[Provided data]
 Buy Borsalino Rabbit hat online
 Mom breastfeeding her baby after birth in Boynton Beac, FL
--
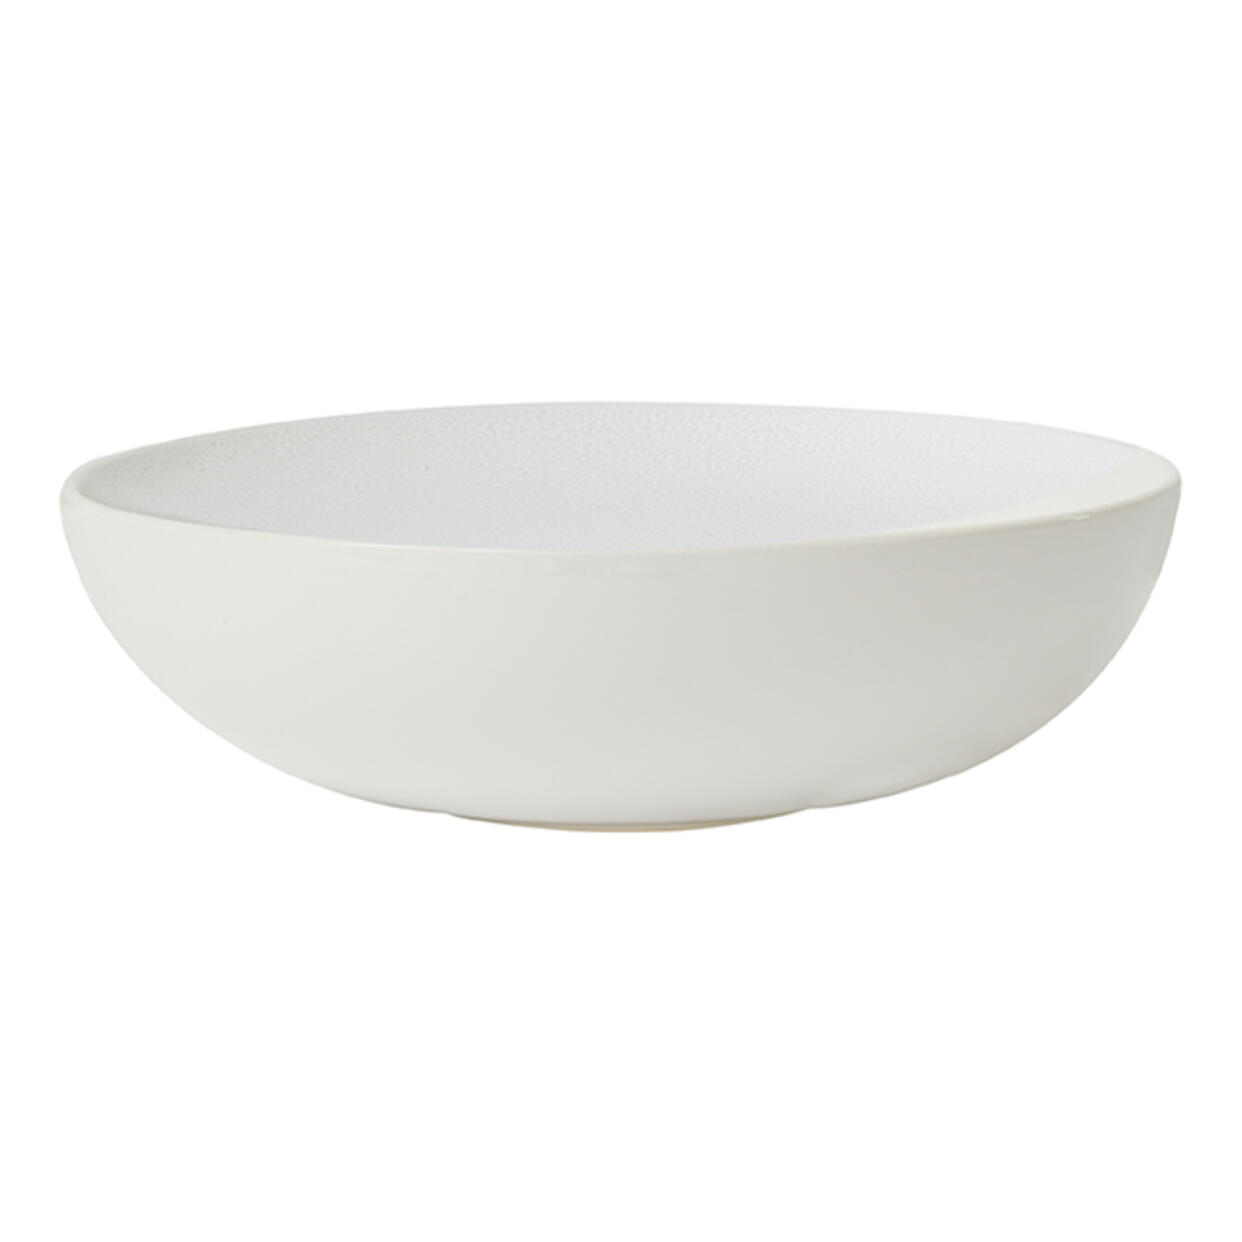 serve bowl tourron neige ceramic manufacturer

[Assignment]
Using the listing above, copy exactly the line that contains "Buy Borsalino Rabbit hat online", the line that contains "Mom breastfeeding her", and each line that falls between them.

[Answer box]
 Buy Borsalino Rabbit hat online
 Mom breastfeeding her baby after birth in Boynton Beac, FL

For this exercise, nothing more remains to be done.